THE PROBLEM — Establish how many lines in the material include the string "body" and report it as a lone number.

─── INPUT DATA ───

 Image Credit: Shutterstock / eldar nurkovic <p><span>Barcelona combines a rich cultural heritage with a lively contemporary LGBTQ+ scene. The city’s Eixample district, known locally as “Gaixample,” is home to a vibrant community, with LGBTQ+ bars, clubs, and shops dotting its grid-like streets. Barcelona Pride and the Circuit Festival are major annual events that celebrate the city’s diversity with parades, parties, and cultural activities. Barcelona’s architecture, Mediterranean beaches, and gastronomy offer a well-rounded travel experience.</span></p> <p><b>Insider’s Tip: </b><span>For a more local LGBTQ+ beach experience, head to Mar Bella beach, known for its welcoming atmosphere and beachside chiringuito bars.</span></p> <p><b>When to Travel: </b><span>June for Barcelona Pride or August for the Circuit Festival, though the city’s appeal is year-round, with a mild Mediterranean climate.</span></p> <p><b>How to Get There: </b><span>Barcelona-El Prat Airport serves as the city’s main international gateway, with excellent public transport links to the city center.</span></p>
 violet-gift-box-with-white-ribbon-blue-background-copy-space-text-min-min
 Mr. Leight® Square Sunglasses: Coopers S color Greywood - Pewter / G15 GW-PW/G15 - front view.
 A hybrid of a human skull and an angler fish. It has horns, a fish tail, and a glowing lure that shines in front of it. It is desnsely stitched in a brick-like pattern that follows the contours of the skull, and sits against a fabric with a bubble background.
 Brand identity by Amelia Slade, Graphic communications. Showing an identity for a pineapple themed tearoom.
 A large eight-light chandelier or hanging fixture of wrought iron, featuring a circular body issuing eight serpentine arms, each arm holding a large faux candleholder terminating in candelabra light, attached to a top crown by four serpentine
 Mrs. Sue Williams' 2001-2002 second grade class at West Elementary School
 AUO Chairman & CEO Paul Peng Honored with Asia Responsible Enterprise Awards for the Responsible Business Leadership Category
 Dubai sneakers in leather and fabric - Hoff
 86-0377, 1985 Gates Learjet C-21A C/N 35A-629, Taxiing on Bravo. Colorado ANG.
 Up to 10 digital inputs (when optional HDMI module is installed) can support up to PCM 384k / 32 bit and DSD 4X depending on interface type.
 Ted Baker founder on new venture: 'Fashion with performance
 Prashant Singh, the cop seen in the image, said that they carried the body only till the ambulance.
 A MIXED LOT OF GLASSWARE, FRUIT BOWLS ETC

───

RESULT FOR THIS TASK — 2